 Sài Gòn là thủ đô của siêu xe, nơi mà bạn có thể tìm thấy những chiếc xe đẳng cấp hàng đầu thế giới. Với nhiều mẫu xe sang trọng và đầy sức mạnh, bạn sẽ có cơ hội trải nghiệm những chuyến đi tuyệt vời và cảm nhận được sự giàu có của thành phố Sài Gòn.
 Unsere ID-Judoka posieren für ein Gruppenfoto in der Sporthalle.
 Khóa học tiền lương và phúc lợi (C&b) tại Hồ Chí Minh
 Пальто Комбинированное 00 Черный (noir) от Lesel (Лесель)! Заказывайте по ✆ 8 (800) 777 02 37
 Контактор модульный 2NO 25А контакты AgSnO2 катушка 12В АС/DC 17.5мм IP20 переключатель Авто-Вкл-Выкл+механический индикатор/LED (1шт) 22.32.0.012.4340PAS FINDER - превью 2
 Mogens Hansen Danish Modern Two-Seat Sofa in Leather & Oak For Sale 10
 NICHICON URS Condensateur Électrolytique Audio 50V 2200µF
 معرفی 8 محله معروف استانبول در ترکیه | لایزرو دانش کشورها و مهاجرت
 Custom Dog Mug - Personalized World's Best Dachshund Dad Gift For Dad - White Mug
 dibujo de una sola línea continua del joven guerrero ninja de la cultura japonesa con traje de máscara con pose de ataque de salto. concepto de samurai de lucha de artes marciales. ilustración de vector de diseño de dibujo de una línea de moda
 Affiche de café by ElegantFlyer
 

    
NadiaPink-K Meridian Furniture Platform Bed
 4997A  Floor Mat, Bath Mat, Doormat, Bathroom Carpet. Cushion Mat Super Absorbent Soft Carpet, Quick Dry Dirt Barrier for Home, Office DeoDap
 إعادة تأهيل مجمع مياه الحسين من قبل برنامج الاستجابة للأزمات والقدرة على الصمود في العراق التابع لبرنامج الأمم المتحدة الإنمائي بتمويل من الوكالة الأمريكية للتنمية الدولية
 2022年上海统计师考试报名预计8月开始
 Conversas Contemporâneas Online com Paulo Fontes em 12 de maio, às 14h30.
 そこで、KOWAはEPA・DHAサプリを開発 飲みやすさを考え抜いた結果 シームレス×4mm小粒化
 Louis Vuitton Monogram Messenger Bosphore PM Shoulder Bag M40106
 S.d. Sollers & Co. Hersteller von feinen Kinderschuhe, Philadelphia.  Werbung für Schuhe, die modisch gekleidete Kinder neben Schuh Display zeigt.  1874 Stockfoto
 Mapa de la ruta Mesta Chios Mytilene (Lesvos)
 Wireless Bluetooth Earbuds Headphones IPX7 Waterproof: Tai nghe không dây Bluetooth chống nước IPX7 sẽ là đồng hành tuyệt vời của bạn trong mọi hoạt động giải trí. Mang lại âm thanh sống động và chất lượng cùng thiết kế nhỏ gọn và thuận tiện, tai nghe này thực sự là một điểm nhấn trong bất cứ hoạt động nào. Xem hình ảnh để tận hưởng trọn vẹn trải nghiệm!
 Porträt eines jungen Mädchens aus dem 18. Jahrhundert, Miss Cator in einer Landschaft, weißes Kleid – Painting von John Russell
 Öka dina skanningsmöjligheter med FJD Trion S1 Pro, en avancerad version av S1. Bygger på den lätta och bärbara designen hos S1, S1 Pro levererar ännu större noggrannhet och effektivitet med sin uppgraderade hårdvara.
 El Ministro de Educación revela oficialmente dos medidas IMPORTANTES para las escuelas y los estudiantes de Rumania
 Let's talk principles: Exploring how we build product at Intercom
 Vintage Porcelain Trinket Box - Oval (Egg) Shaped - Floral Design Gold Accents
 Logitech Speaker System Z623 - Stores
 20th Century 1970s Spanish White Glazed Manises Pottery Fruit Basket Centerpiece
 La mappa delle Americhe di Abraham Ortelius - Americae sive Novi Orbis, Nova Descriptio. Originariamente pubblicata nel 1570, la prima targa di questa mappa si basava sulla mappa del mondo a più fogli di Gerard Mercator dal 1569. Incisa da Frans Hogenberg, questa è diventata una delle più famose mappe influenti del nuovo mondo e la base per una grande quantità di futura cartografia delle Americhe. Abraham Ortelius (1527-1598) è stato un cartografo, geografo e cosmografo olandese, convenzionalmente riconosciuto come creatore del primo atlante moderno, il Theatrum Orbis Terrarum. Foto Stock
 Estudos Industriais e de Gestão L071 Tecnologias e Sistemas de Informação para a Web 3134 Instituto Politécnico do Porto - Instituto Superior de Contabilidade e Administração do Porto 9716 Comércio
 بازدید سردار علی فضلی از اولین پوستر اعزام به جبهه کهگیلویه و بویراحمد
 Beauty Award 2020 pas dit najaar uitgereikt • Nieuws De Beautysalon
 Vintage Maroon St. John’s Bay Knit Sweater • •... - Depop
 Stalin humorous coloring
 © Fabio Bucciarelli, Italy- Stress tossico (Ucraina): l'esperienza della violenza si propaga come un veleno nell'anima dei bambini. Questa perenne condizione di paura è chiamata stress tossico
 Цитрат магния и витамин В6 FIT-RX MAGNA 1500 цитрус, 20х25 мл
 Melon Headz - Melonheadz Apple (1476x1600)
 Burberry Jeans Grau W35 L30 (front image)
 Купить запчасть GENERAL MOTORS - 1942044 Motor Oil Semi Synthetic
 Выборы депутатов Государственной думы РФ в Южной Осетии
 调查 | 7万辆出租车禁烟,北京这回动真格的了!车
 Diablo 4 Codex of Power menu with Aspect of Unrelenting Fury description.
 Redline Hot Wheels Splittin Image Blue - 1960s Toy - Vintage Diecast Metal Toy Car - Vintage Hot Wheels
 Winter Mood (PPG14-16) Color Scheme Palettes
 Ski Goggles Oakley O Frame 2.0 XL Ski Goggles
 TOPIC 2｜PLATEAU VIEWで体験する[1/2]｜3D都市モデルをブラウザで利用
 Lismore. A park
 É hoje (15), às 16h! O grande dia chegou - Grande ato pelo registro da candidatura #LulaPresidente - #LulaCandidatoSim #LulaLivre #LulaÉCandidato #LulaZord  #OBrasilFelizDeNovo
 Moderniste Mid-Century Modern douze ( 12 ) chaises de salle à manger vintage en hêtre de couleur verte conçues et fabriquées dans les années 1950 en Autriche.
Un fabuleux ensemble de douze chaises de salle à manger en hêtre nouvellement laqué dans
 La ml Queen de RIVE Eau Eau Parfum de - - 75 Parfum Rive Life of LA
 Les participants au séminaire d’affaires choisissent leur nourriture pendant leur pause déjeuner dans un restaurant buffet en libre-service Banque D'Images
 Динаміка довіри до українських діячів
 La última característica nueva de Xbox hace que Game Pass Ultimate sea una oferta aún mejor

> Work task: Retype all of the material, exactly as written.

> Response to the exercise:
 Sài Gòn là thủ đô của siêu xe, nơi mà bạn có thể tìm thấy những chiếc xe đẳng cấp hàng đầu thế giới. Với nhiều mẫu xe sang trọng và đầy sức mạnh, bạn sẽ có cơ hội trải nghiệm những chuyến đi tuyệt vời và cảm nhận được sự giàu có của thành phố Sài Gòn.
 Unsere ID-Judoka posieren für ein Gruppenfoto in der Sporthalle.
 Khóa học tiền lương và phúc lợi (C&b) tại Hồ Chí Minh
 Пальто Комбинированное 00 Черный (noir) от Lesel (Лесель)! Заказывайте по ✆ 8 (800) 777 02 37
 Контактор модульный 2NO 25А контакты AgSnO2 катушка 12В АС/DC 17.5мм IP20 переключатель Авто-Вкл-Выкл+механический индикатор/LED (1шт) 22.32.0.012.4340PAS FINDER - превью 2
 Mogens Hansen Danish Modern Two-Seat Sofa in Leather & Oak For Sale 10
 NICHICON URS Condensateur Électrolytique Audio 50V 2200µF
 معرفی 8 محله معروف استانبول در ترکیه | لایزرو دانش کشورها و مهاجرت
 Custom Dog Mug - Personalized World's Best Dachshund Dad Gift For Dad - White Mug
 dibujo de una sola línea continua del joven guerrero ninja de la cultura japonesa con traje de máscara con pose de ataque de salto. concepto de samurai de lucha de artes marciales. ilustración de vector de diseño de dibujo de una línea de moda
 Affiche de café by ElegantFlyer
 

    
NadiaPink-K Meridian Furniture Platform Bed
 4997A  Floor Mat, Bath Mat, Doormat, Bathroom Carpet. Cushion Mat Super Absorbent Soft Carpet, Quick Dry Dirt Barrier for Home, Office DeoDap
 إعادة تأهيل مجمع مياه الحسين من قبل برنامج الاستجابة للأزمات والقدرة على الصمود في العراق التابع لبرنامج الأمم المتحدة الإنمائي بتمويل من الوكالة الأمريكية للتنمية الدولية
 2022年上海统计师考试报名预计8月开始
 Conversas Contemporâneas Online com Paulo Fontes em 12 de maio, às 14h30.
 そこで、KOWAはEPA・DHAサプリを開発 飲みやすさを考え抜いた結果 シームレス×4mm小粒化
 Louis Vuitton Monogram Messenger Bosphore PM Shoulder Bag M40106
 S.d. Sollers & Co. Hersteller von feinen Kinderschuhe, Philadelphia.  Werbung für Schuhe, die modisch gekleidete Kinder neben Schuh Display zeigt.  1874 Stockfoto
 Mapa de la ruta Mesta Chios Mytilene (Lesvos)
 Wireless Bluetooth Earbuds Headphones IPX7 Waterproof: Tai nghe không dây Bluetooth chống nước IPX7 sẽ là đồng hành tuyệt vời của bạn trong mọi hoạt động giải trí. Mang lại âm thanh sống động và chất lượng cùng thiết kế nhỏ gọn và thuận tiện, tai nghe này thực sự là một điểm nhấn trong bất cứ hoạt động nào. Xem hình ảnh để tận hưởng trọn vẹn trải nghiệm!
 Porträt eines jungen Mädchens aus dem 18. Jahrhundert, Miss Cator in einer Landschaft, weißes Kleid – Painting von John Russell
 Öka dina skanningsmöjligheter med FJD Trion S1 Pro, en avancerad version av S1. Bygger på den lätta och bärbara designen hos S1, S1 Pro levererar ännu större noggrannhet och effektivitet med sin uppgraderade hårdvara.
 El Ministro de Educación revela oficialmente dos medidas IMPORTANTES para las escuelas y los estudiantes de Rumania
 Let's talk principles: Exploring how we build product at Intercom
 Vintage Porcelain Trinket Box - Oval (Egg) Shaped - Floral Design Gold Accents
 Logitech Speaker System Z623 - Stores
 20th Century 1970s Spanish White Glazed Manises Pottery Fruit Basket Centerpiece
 La mappa delle Americhe di Abraham Ortelius - Americae sive Novi Orbis, Nova Descriptio. Originariamente pubblicata nel 1570, la prima targa di questa mappa si basava sulla mappa del mondo a più fogli di Gerard Mercator dal 1569. Incisa da Frans Hogenberg, questa è diventata una delle più famose mappe influenti del nuovo mondo e la base per una grande quantità di futura cartografia delle Americhe. Abraham Ortelius (1527-1598) è stato un cartografo, geografo e cosmografo olandese, convenzionalmente riconosciuto come creatore del primo atlante moderno, il Theatrum Orbis Terrarum. Foto Stock
 Estudos Industriais e de Gestão L071 Tecnologias e Sistemas de Informação para a Web 3134 Instituto Politécnico do Porto - Instituto Superior de Contabilidade e Administração do Porto 9716 Comércio
 بازدید سردار علی فضلی از اولین پوستر اعزام به جبهه کهگیلویه و بویراحمد
 Beauty Award 2020 pas dit najaar uitgereikt • Nieuws De Beautysalon
 Vintage Maroon St. John’s Bay Knit Sweater • •... - Depop
 Stalin humorous coloring
 © Fabio Bucciarelli, Italy- Stress tossico (Ucraina): l'esperienza della violenza si propaga come un veleno nell'anima dei bambini. Questa perenne condizione di paura è chiamata stress tossico
 Цитрат магния и витамин В6 FIT-RX MAGNA 1500 цитрус, 20х25 мл
 Melon Headz - Melonheadz Apple (1476x1600)
 Burberry Jeans Grau W35 L30 (front image)
 Купить запчасть GENERAL MOTORS - 1942044 Motor Oil Semi Synthetic
 Выборы депутатов Государственной думы РФ в Южной Осетии
 调查 | 7万辆出租车禁烟,北京这回动真格的了!车
 Diablo 4 Codex of Power menu with Aspect of Unrelenting Fury description.
 Redline Hot Wheels Splittin Image Blue - 1960s Toy - Vintage Diecast Metal Toy Car - Vintage Hot Wheels
 Winter Mood (PPG14-16) Color Scheme Palettes
 Ski Goggles Oakley O Frame 2.0 XL Ski Goggles
 TOPIC 2｜PLATEAU VIEWで体験する[1/2]｜3D都市モデルをブラウザで利用
 Lismore. A park
 É hoje (15), às 16h! O grande dia chegou - Grande ato pelo registro da candidatura #LulaPresidente - #LulaCandidatoSim #LulaLivre #LulaÉCandidato #LulaZord  #OBrasilFelizDeNovo
 Moderniste Mid-Century Modern douze ( 12 ) chaises de salle à manger vintage en hêtre de couleur verte conçues et fabriquées dans les années 1950 en Autriche.
Un fabuleux ensemble de douze chaises de salle à manger en hêtre nouvellement laqué dans
 La ml Queen de RIVE Eau Eau Parfum de - - 75 Parfum Rive Life of LA
 Les participants au séminaire d’affaires choisissent leur nourriture pendant leur pause déjeuner dans un restaurant buffet en libre-service Banque D'Images
 Динаміка довіри до українських діячів
 La última característica nueva de Xbox hace que Game Pass Ultimate sea una oferta aún mejor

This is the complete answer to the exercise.